Hello, I have a big dataset (5+ million documents and growing), where each item is a combination of a server and update that applies to it. For example:
{
"severity": "Important",
"erratum_id": "RHSA-2019:3878",
"hostname": "host1.local",
"issue_date": "2019-11-13T00:00:00Z",
"os": "RedHat 6.10",
"report_id": "cb75e0ec-c5c9-4826-a114-45ffe6dbc7ec",
"hostgroup": "G1",
"id": "5e7f4224-954c-4bcf-a411-f7bffa2a8306",
"source": "https://satellite.local",
"synopsis": "Important: kernel security update",
"host_id": 1602,
"timestamp": "2019-11-18T00:00:00+02:00"
},
{
"severity": "Important",
"erratum_id": "RHSA-2019:3878",
"hostname": "host2.local",
"issue_date": "2019-11-13T00:00:00Z",
"os": "RedHat 6.10",
"report_id": "cb75e0ec-c5c9-4826-a114-45ffe6dbc7ec",
"hostgroup": "G1",
"id": "d5b662f6-f085-487e-8a99-d305a602f2ee",
"source": "https://satellite2.local",
"synopsis": "Important: kernel security update",
"host_id": 966,
"timestamp": "2019-11-18T00:00:00+02:00"
},
What I need is a visualization that shows number of documents within certain ranges.

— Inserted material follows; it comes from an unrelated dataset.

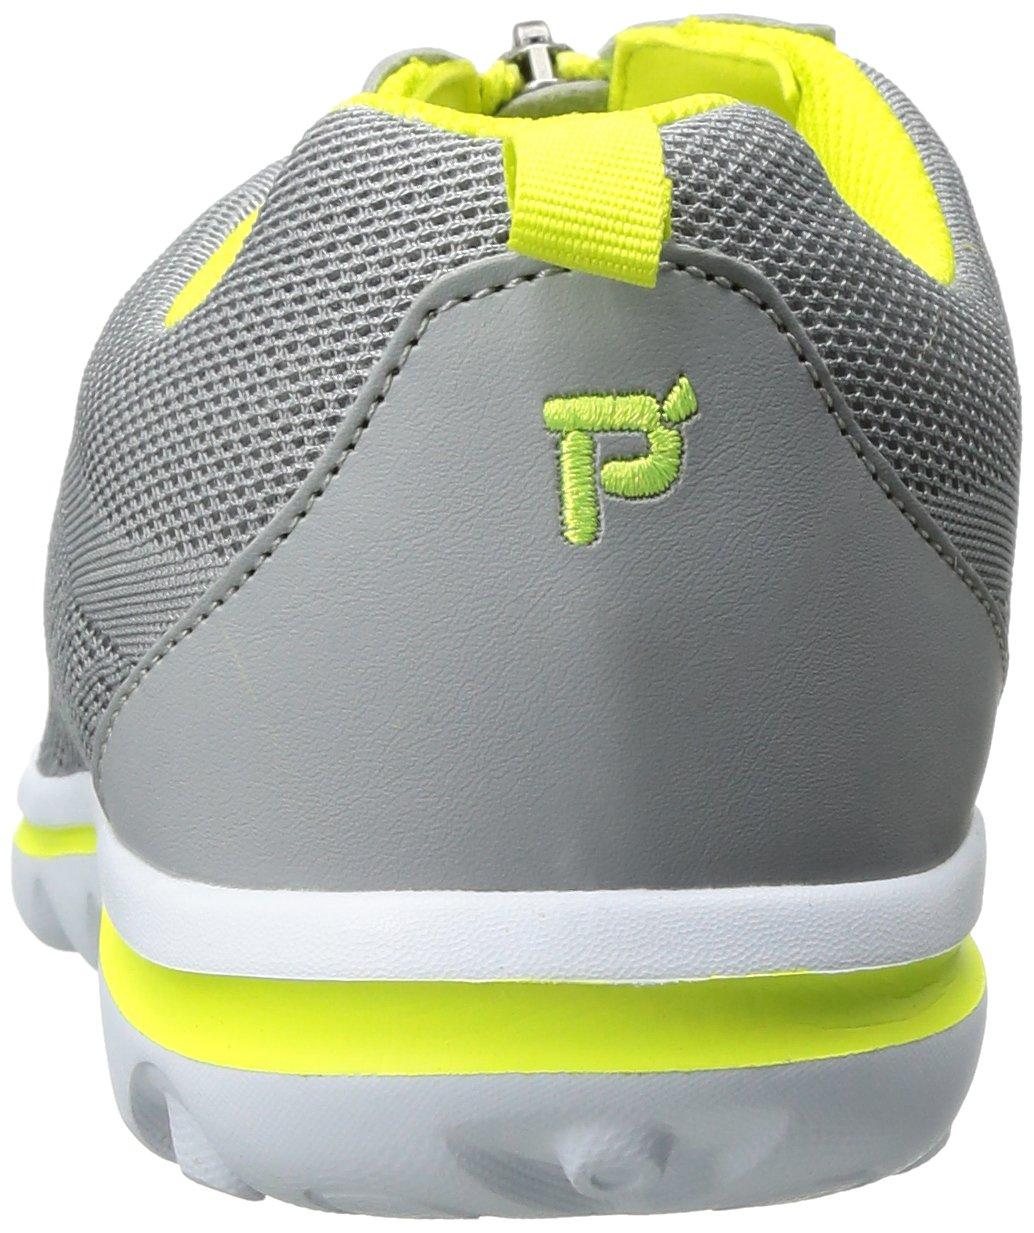 Propet Women's TravelActiv Zip Walking Shoe B01IODD7IG 7 4E US|Silver/Lime

So similar to date histogram, except on the unique count
of hostname
field.
In other words I need to answer question: "How many hosts have X more than Y number of updates that apply to it". Ranges should be something like 0-10,10-100,100+
I tried to do it via Canvas as instructed in this answer: Kibana: Range based on count but the number of documents is too large and it crashes the browser.
Can this be done without transforming underlying data?